Visually-grounded inference metrics reveal limitations
This work demonstrates advances in video inference and addresses the challenge of ensuring that models demonstrate logically sound and visually grounded reasoning processes. The researchers observed that current video inference systems often rely heavily on linguistic prior information rather than the actual visual content, leading to inconsistent inferences. To quantify this, they introduced two diagnostic metrics: thought-answer consistency (TAC) and video attention score (VAS), which measure consistency between reasoning and final answer and reliance on visual cues, respectively. Analysis across 11 benchmarks revealed a significant reliance on linguistic shortcuts, highlighting the need for improved visual foundations and logical consistency.
To address these limitations, the team developed a reinforcement learning framework that incorporates a novel temporal alignment reward (TAR). This two-step process begins with supervised fine-tuning, followed by reinforcement learning with TAR to facilitate temporally accurate and self-consistent inference. Results show significant improvements in both TAC and VAS across multiple benchmarks. Specifically, the developed system Video-R2 consistently achieves high scores, indicating improved inference quality. The team rigorously evaluated Video-R2 against existing models and consistently showed improvements in TAC, VAS, and overall accuracy, demonstrating that enhanced temporal and logical consistency leads to more reliable and grounded video inference.
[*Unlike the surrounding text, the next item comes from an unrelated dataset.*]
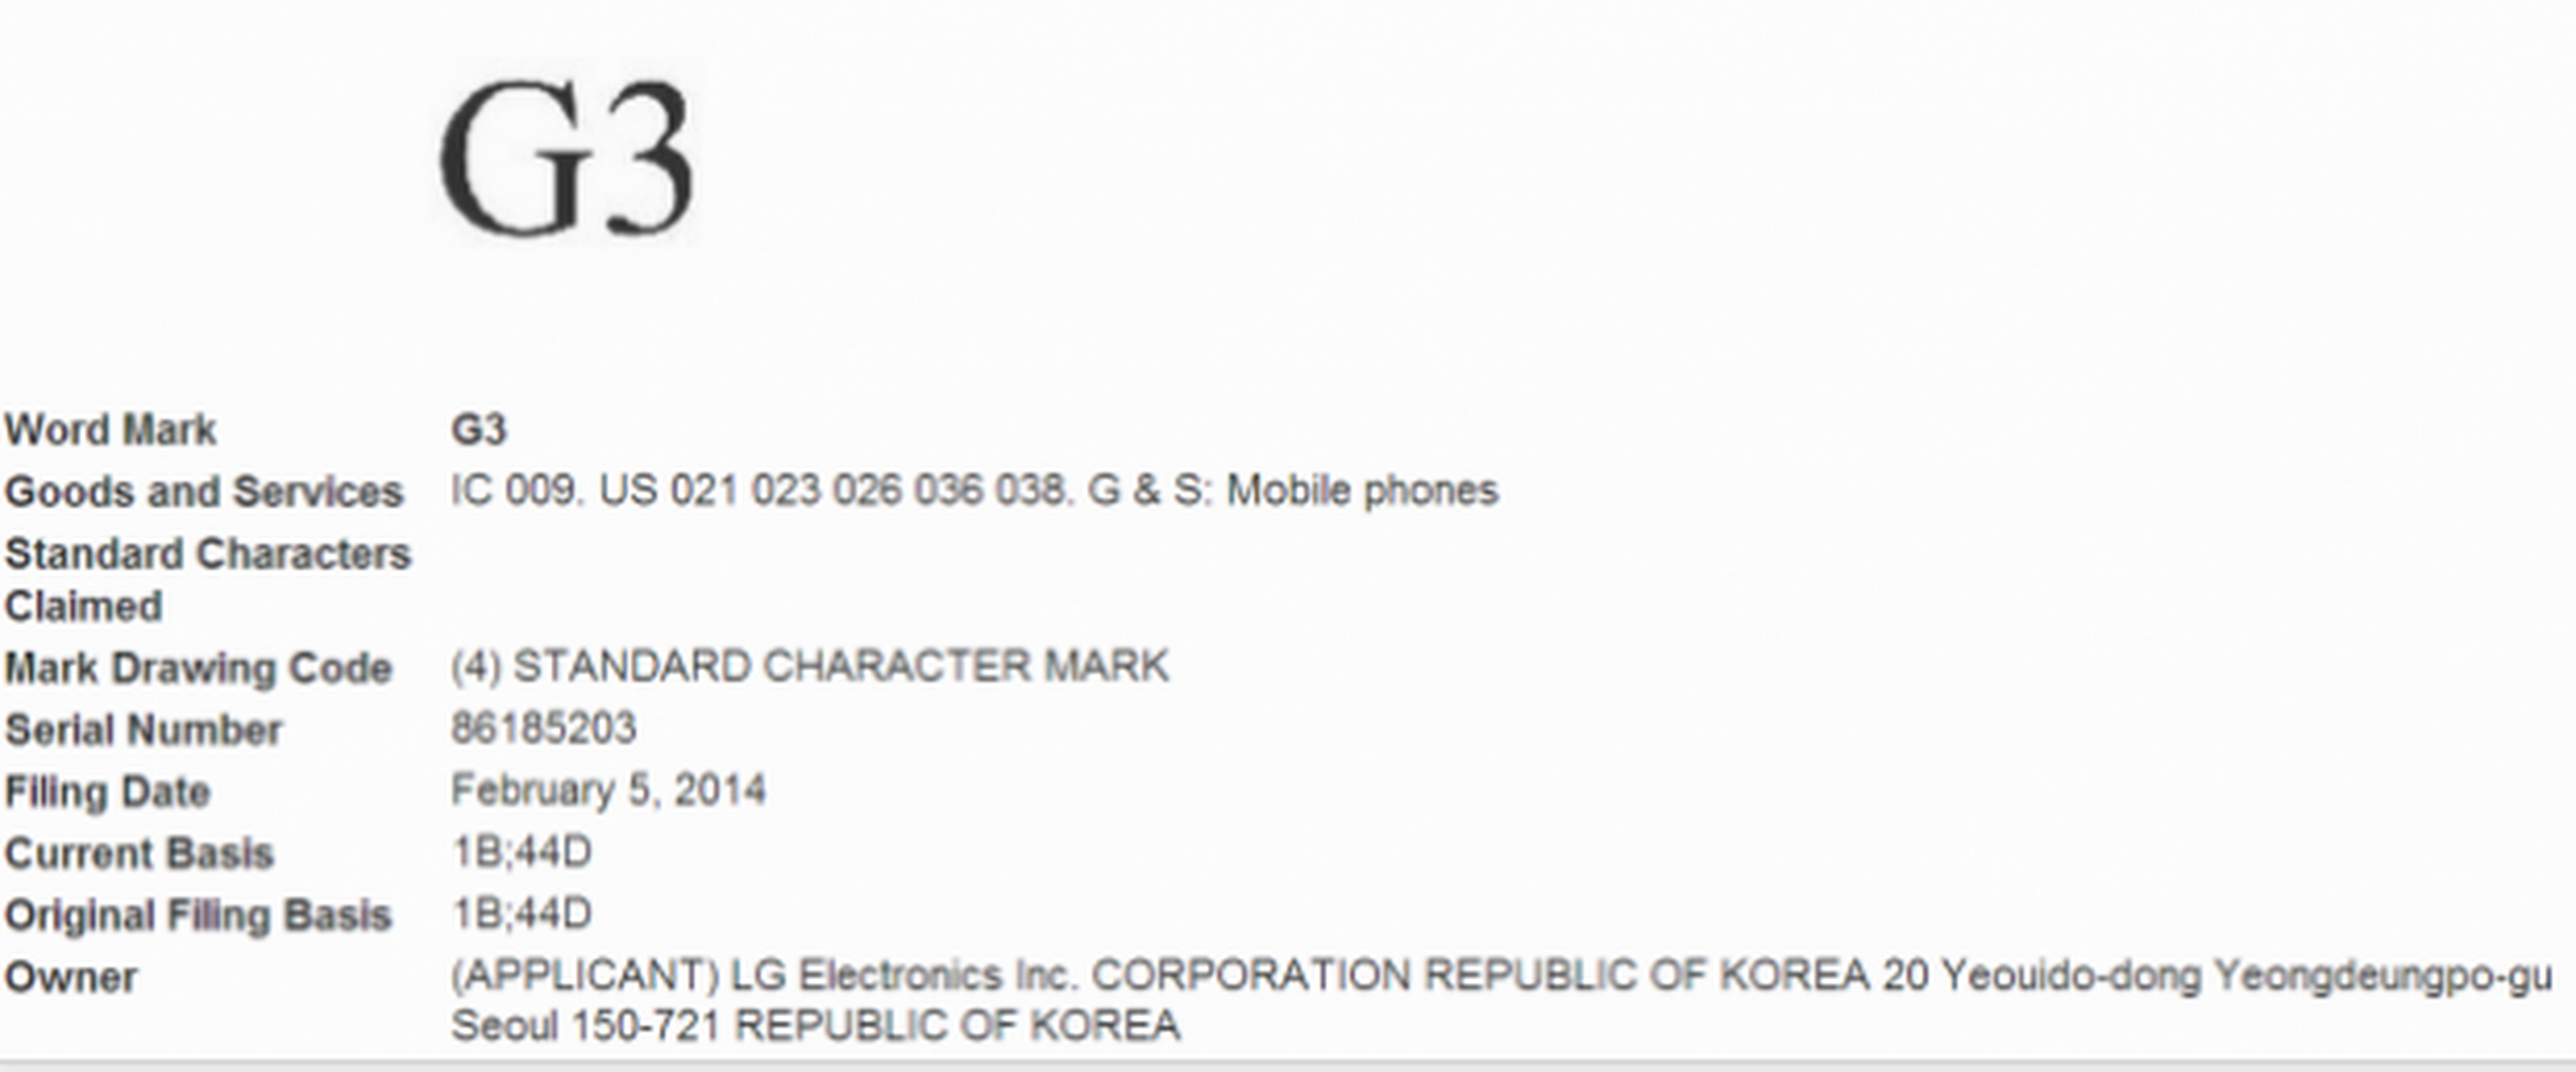 LG G3 trademark registro nombre marca

Visual grounding improves video inference performance
This work addresses a key challenge in multimodal large-scale language models: inference about dynamic visual content in videos. The research team identified that existing models often produce seemingly convincing inference traces that are logically inconsistent or not sufficiently based on actual visual evidence. To quantify these issues, they developed two diagnostic metrics. One is thought-answer consistency, which assesses the consistency between the reasoning step and the final answer. The other is the Video Attention Score, which measures your reliance on visual cues. To improve video inference, researchers propose Video-R2, a reinforcement learning approach that combines supervised fine-tuning and a novel optimization technique guided by temporal alignment rewards. This two-step process facilitates temporally accurate and logically consistent inferences. Results show that Video-R2 consistently achieves higher scores in thought-answer consistency, video attention scores, and overall accuracy across several benchmarks, indicating that enhancing temporal consistency and reasoning consistency leads to more reliable video understanding.